→ **Work request**: The listing that follows should be copied in full and exactly, with no pictures.

→ **Given information**:
────────────────
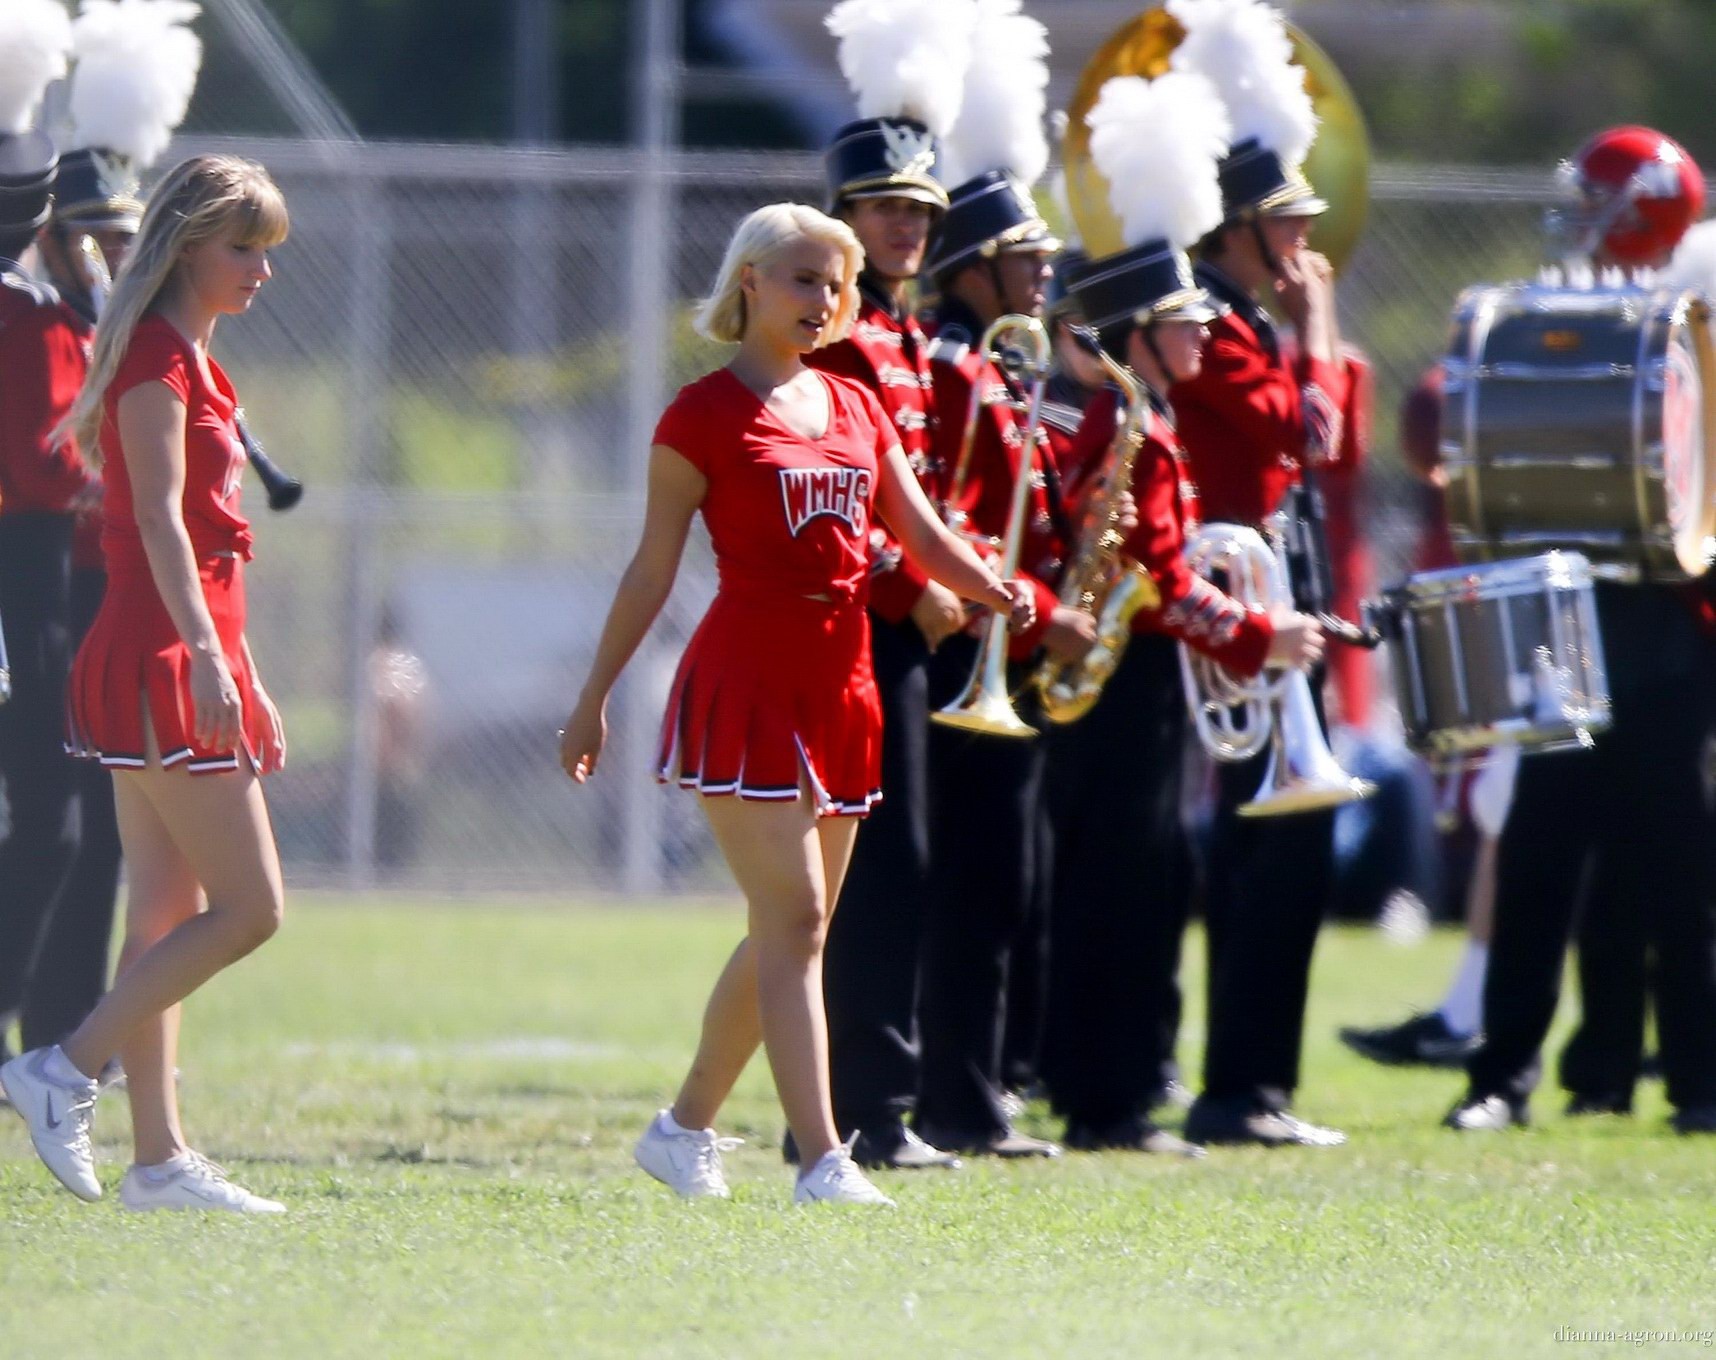 Dianna Agron in cheerleader outfit flashing her red panties on Glee season 6 set #75185113
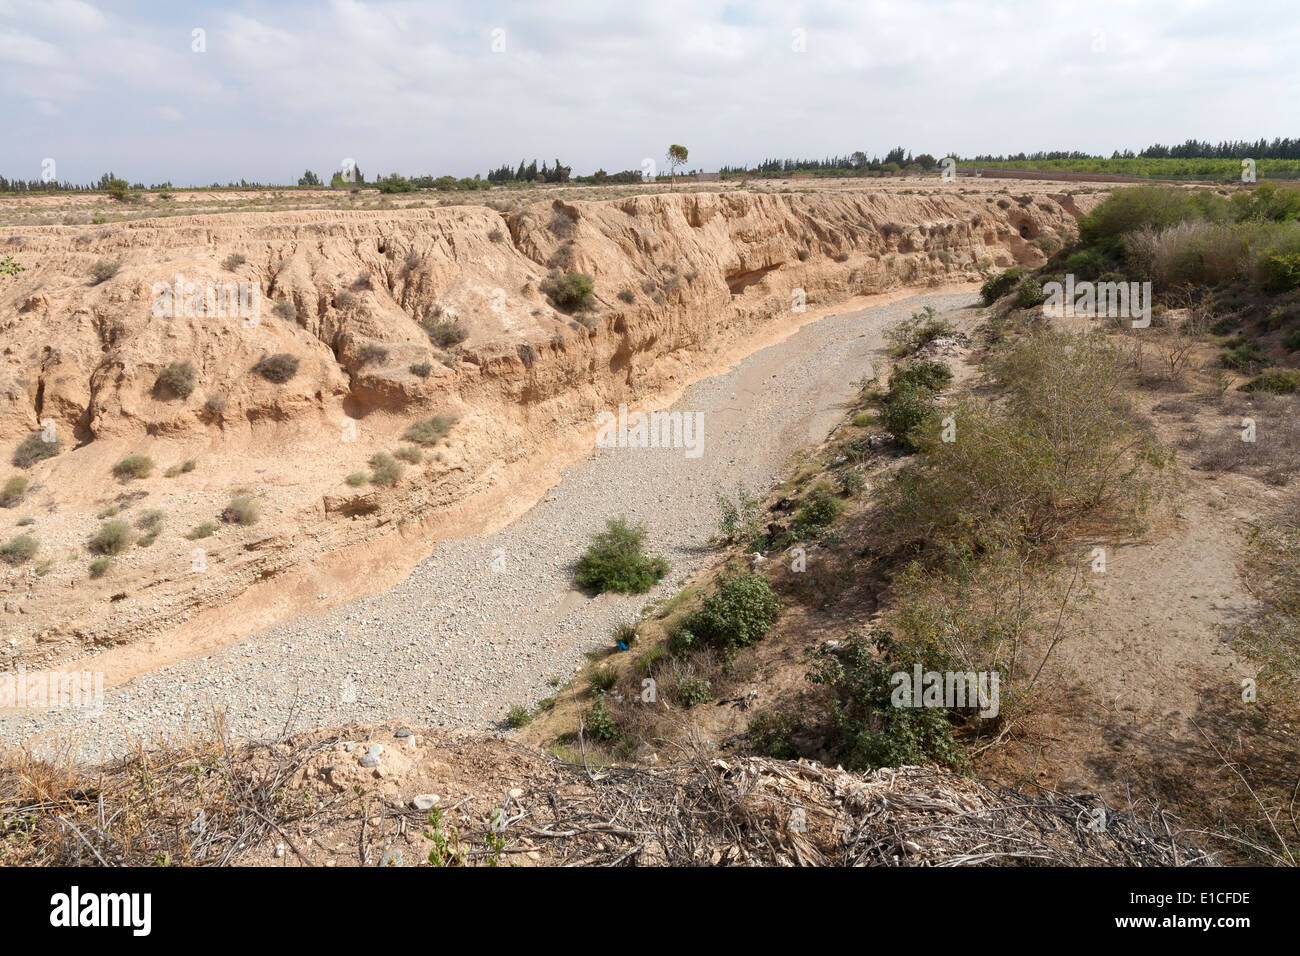 Looking down into a dry wadi with gravel bottom and mud cliffs Stock Photo
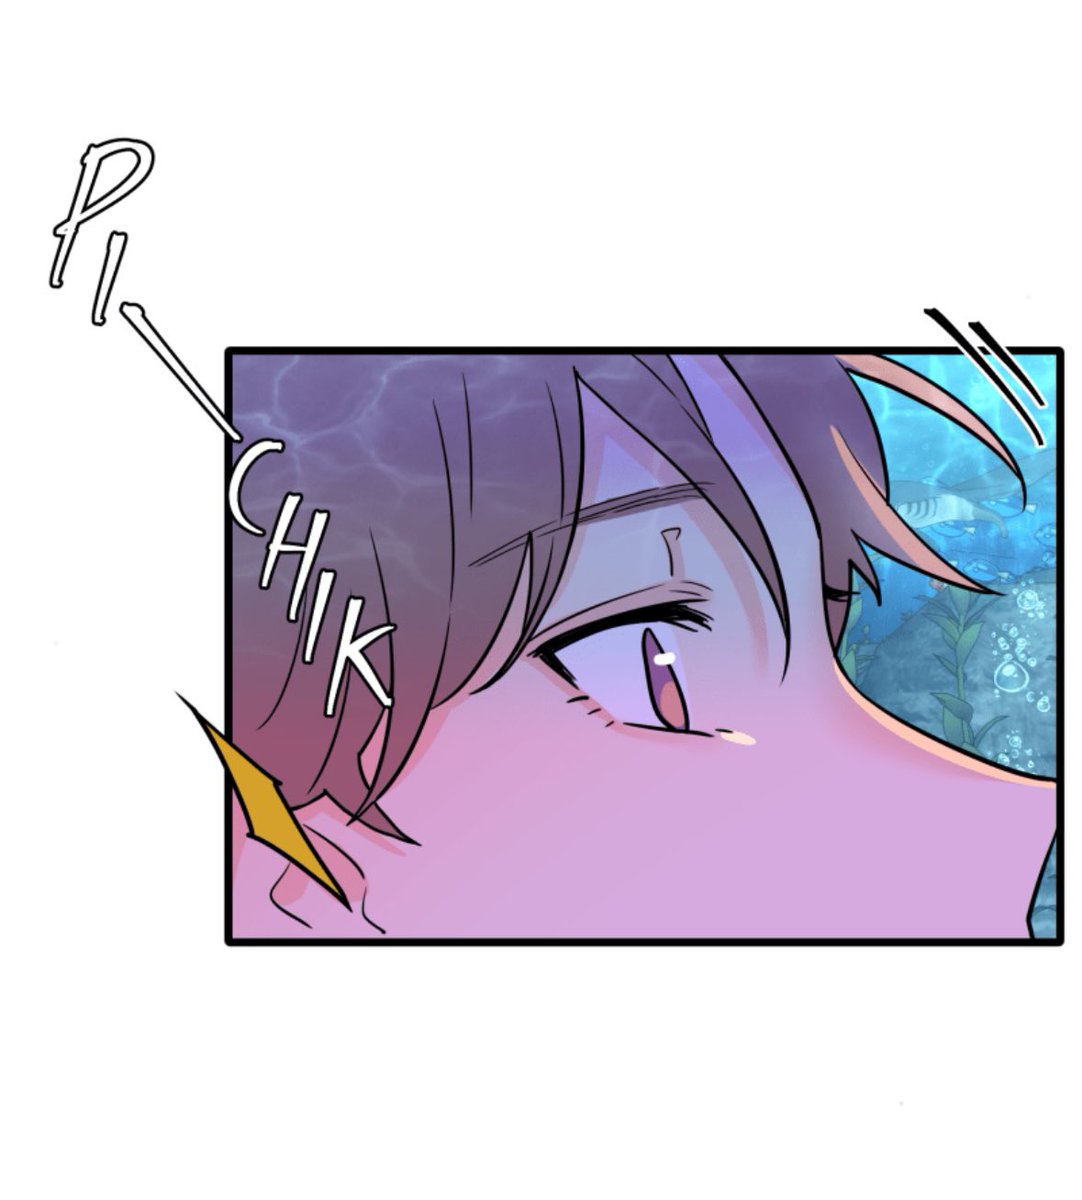 Anyways if you like aquarium dates you should read NOT SO SHOUJO LOVE STORY right now✨ I got permission from the author to post this sneak peek but wow this episode was so pretty🐟🐡
────────────────
→ **Problem solution**:
 Dianna Agron in cheerleader outfit flashing her red panties on Glee season 6 set #75185113
 Looking down into a dry wadi with gravel bottom and mud cliffs Stock Photo
 Anyways if you like aquarium dates you should read NOT SO SHOUJO LOVE STORY right now✨ I got permission from the author to post this sneak peek but wow this episode was so pretty🐟🐡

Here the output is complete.